Washington DC (VS) – De inbouw van radioactief koolstof schommelde bijna 45.000 jaar geleden zeer sterk. De dateringstechniek met koolstof-14 verdient daarom een nauwgezette herziening.


Amerikaanse en Britse onderzoekers onderzochten hoeveel koolstof-14 zich bevindt in stalagmieten uit de laatste ijstijd. Daarbij stuitten ze op uiteenlopende waarden. In het tijdschrift Science publiceren ze op 10 mei hun resultaten.
Koolstof-14 ontstaat in de atmosfeer als kosmische straling stikstofatomen treft. Bij een kernreactie verandert een stikstofatoom dan in het radioactieve koolstof-14. Het percentage koolstof-14 dat een levend wezen in zijn weefsels opneemt, hangt af van de hoeveelheid daarvan in de atmosfeer. Nadat een organisme sterft, zal door het natuurlijke verval van het radioactieve element de hoeveelheid daarvan dalen. Na 5700 jaar is de helft van het koolstof-14 vervallen, en nog eens 5700 jaar later driekwart.
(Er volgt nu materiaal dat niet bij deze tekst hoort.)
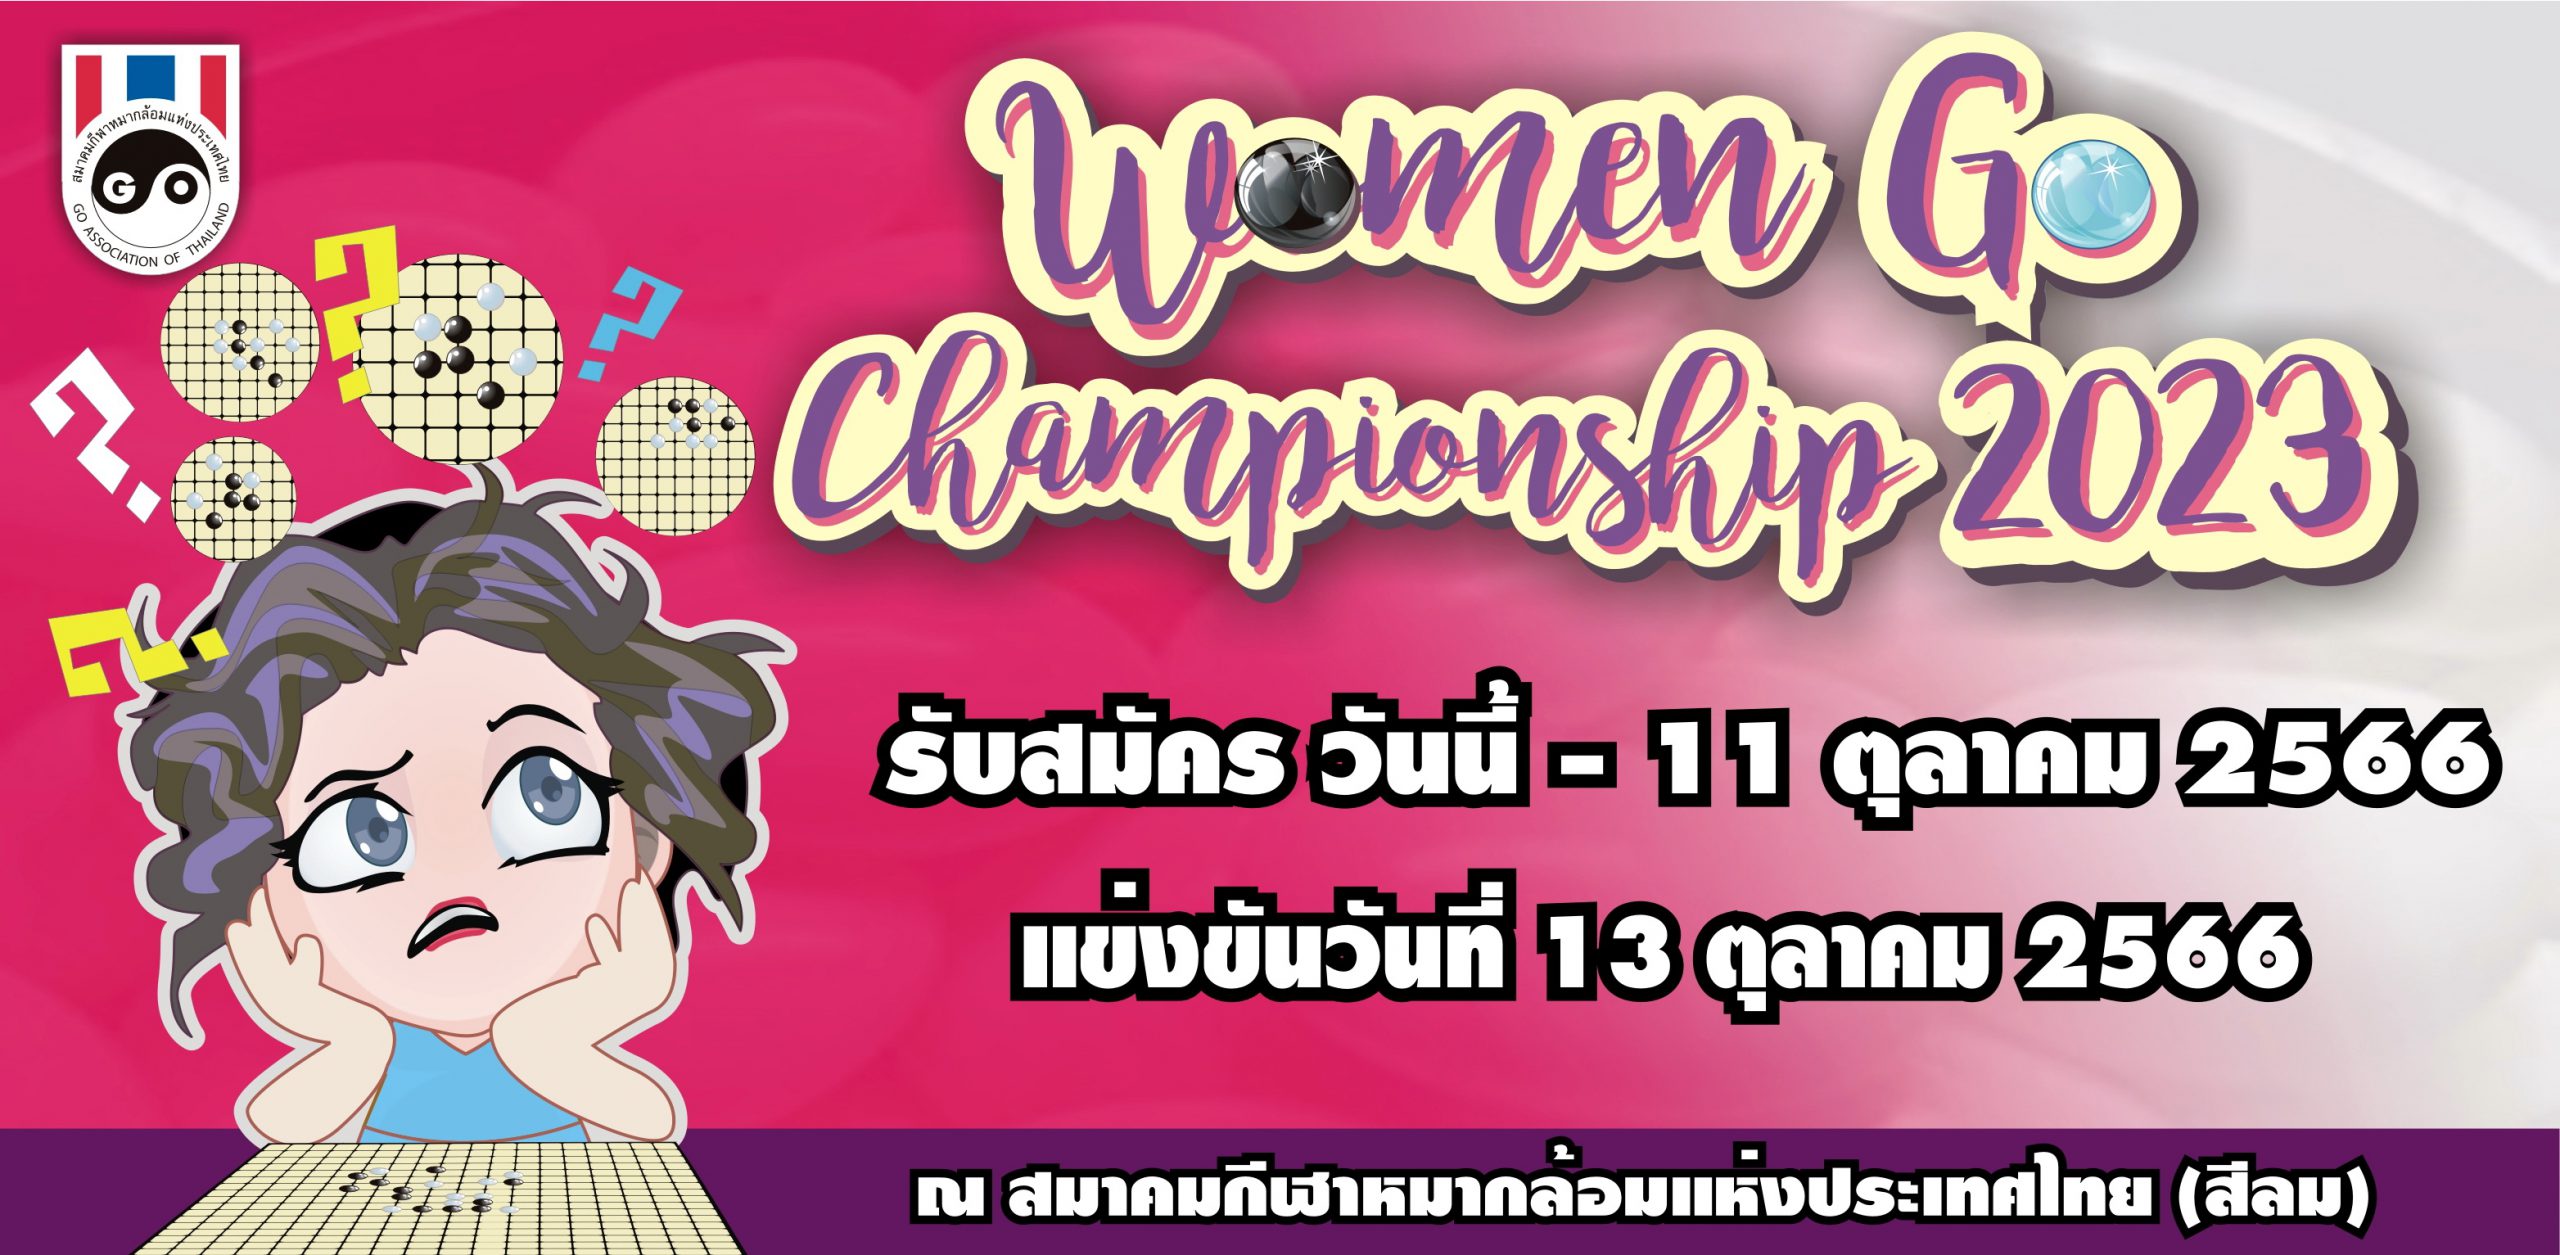 รับสมัคร Women Go Championship 2023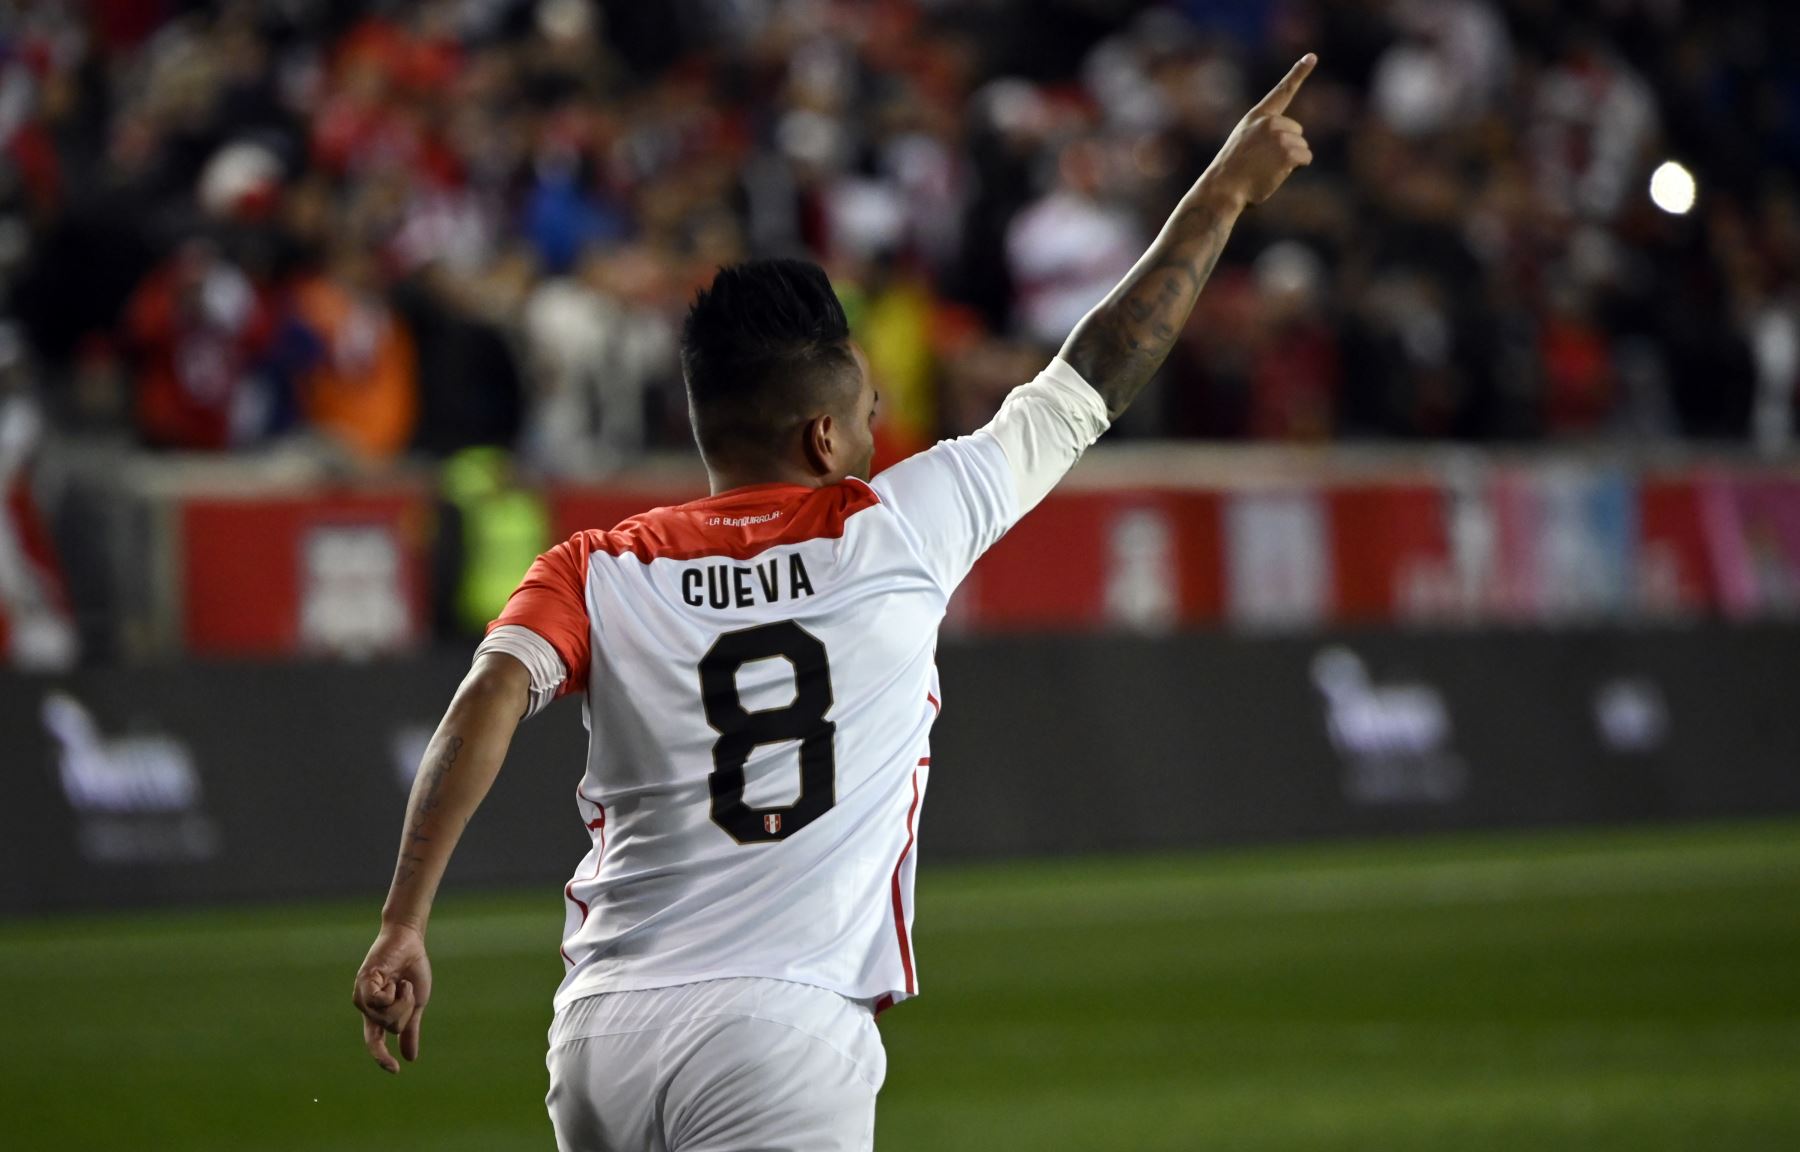 Christian Cueva de Perú celebra después de marcar contra Paraguay durante el partido amistoso internacional entre Perú y Paraguay en el Red Bull Arena de Nueva Jersey.Foto:AFP

De resterende C14-activiteit vormt een goede maat voor de leeftijd van het materiaal.
Koolstof uit de atmosfeer (veelal CO2) komt niet alleen terecht in levende wezens, maar in de vorm van calciumcarbonaat ook in stalactieten en stalagmieten, de fraaie hangende en staande kolommen in druipsteengrotten. Net zoals hout hebben ook stalactieten en stalagmieten duidelijke jaarringen, omdat de hoeveelheid neergeslagen calciumcarbonaat wisselt met de seizoenen.

Als de hoeveelheid koolstof-14 in de atmosfeer wisselt, zal dat invloed hebben op de gemeten leeftijd. Onderzoekers zullen dan bij hun metingen een aangepaste ijklijn moeten gebruiken. Voor de variaties van koolstof-14 in de atmosfeer geven de Amerikaanse en Britse onderzoekers drie verklaringen. De sterkte van het elektromagneetveld van de Zon kan verschillen, het aardmagneetveld kan veranderen van sterkte en er kunnen veranderingen optreden in de dynamiek van de koolstofcyclus. Met modellen van de koolstofcyclus ging J. Warren Beck met zijn collega's deze opties na. Mogelijke variaties in de eerste twee factoren – elektromagnetisch veld van de Zon en aardmagneetveld – zijn te zwak om de gevonden veranderingen te veroorzaken. Daarom, zo stellen ze, moeten er in de laatste ijstijd ook forse veranderingen in de koolstofcyclus zijn opgetreden.